I saw the following tweet the other day by author C.C. Chapman: “Since my photos are licensed under “non-commercial” is this a legal use of my Chevy Volt photo by Yahoo?” The question was followed by a link to an article on Yahoo Auto about GM’s report regarding whether Chevy Volts are being sold at a loss. The photo accompanying the article is C.C. Chapman’s photo of a Chevy Volt that he published on Flickr with a Creative Commons license.
This license requires anyone who uses the image to give C.C. Chapman the attribution, only use it for non-commercial use, and not alter the photo in any way. If the image appeared on Chevrolet’s blog, there would be a strong argument that Chevy uses its blog as a marketing tactic to get people to buy its vehicles; therefore every image on the blog is being used for a commercial use. In that case, the use of the image would have violated the license and C.C. Chapman’s copyright.

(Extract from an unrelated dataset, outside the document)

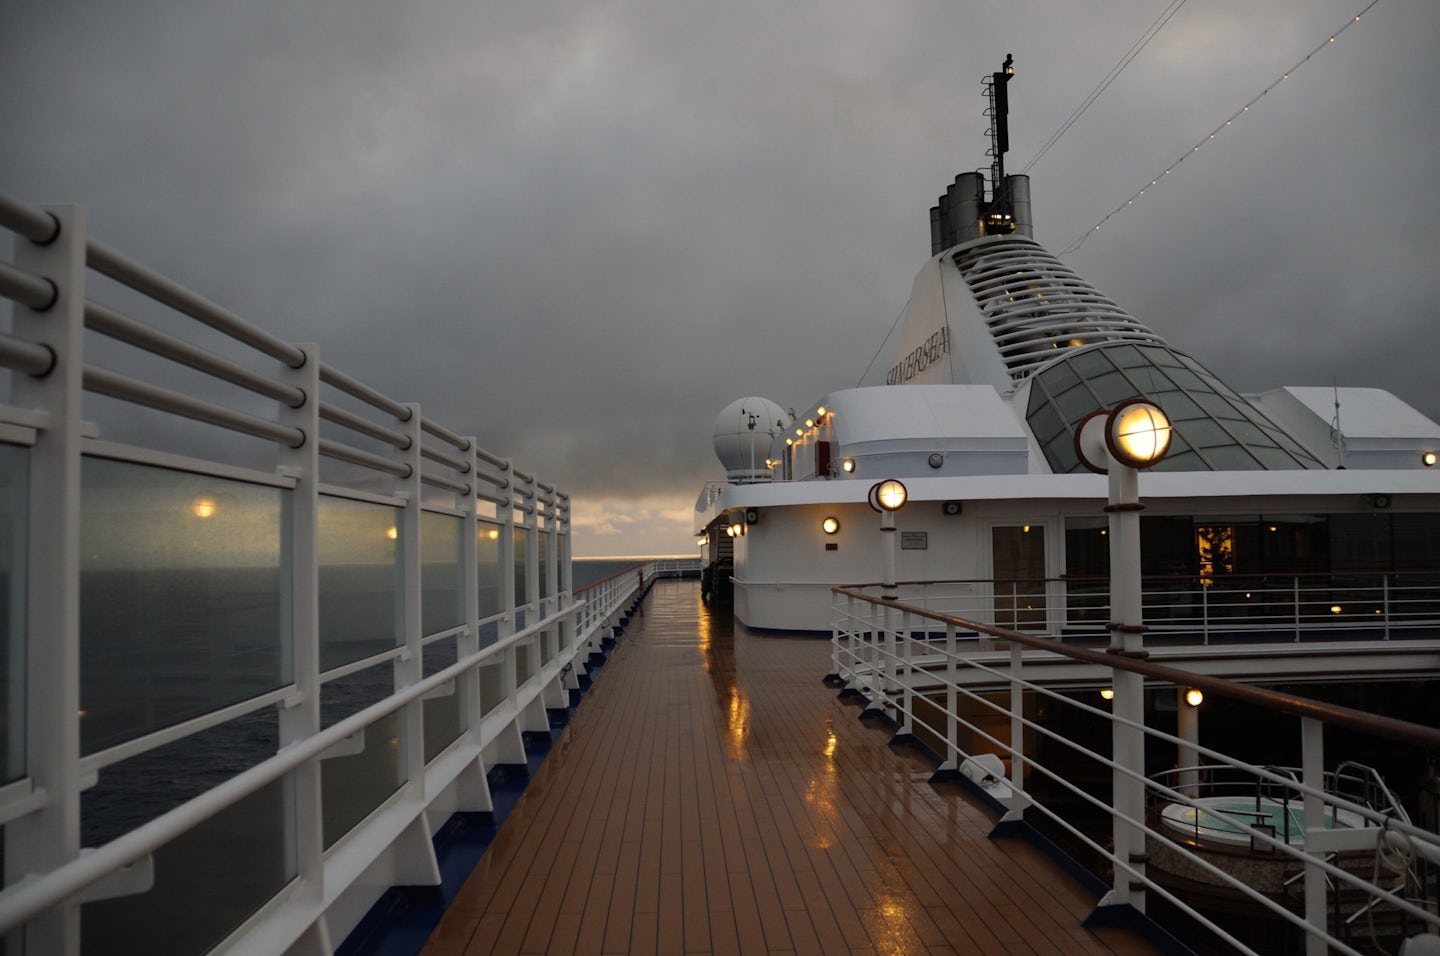 Dawn on deck
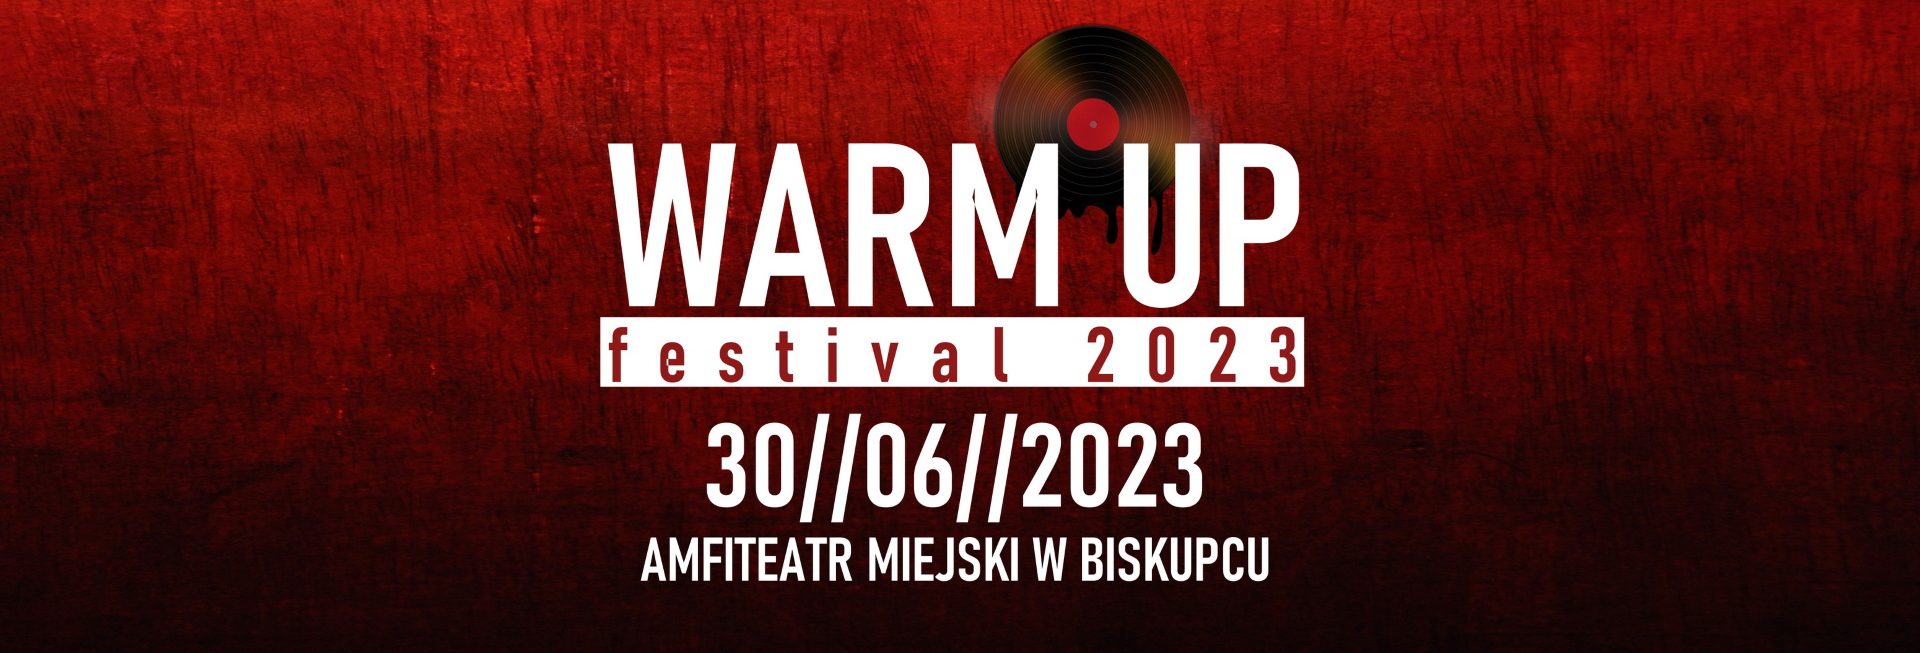 Plakat zapraszający w piątek 30 czerwca 2023 r. do Biskupca na kolejną edycję Warm Up Festival Biskupiec 2023.

However, Yahoo published the article. Yahoo isn’t trying to sell cars. It makes money by selling ads and it may charge advertisers based on the number of hits a page gets. C.C. Chapman could make an argument that Yahoo’s use of his photo had a commercial goal; but Yahoo could fire back that it was reporting the news so its use of C.C. Chapman’s photo was protected by fair use. Yahoo could show that it has a history of news reporting and that its articles are accepted as news, not a marketing ploy.
But let’s say this photo appeared on a commercial website in violation of the Creative Commons license. That’s copyright infringement. What could C.C. Chapman do about it?
- Do nothing and be happy about the exposure.
- Get the photo removed by sending a DMCA takedown notice.
- Send the company a cease and desist letter.
- Send a bill with a licensing agreement and a letter that says the publisher has committed himself to paying a licensing fee since he already used the photo.
- Sue for copyright infringement.
A lot of people would be happy about the exposure and may opt to do nothing. The downside of doing this is someone else could use your work and make a valid argument that your inaction set a precedent that others could use their work for commercial purposes. You may want to send a letter that offers to license the photo in exchange for the exposure and states if the company doesn’t license it then they have to remove it. That way, you will still get your exposure but you still exert your copyright rights in your work.
If you have questions about how to protect your intellectual property rights, contact an intellectual property attorney (like me) in your community.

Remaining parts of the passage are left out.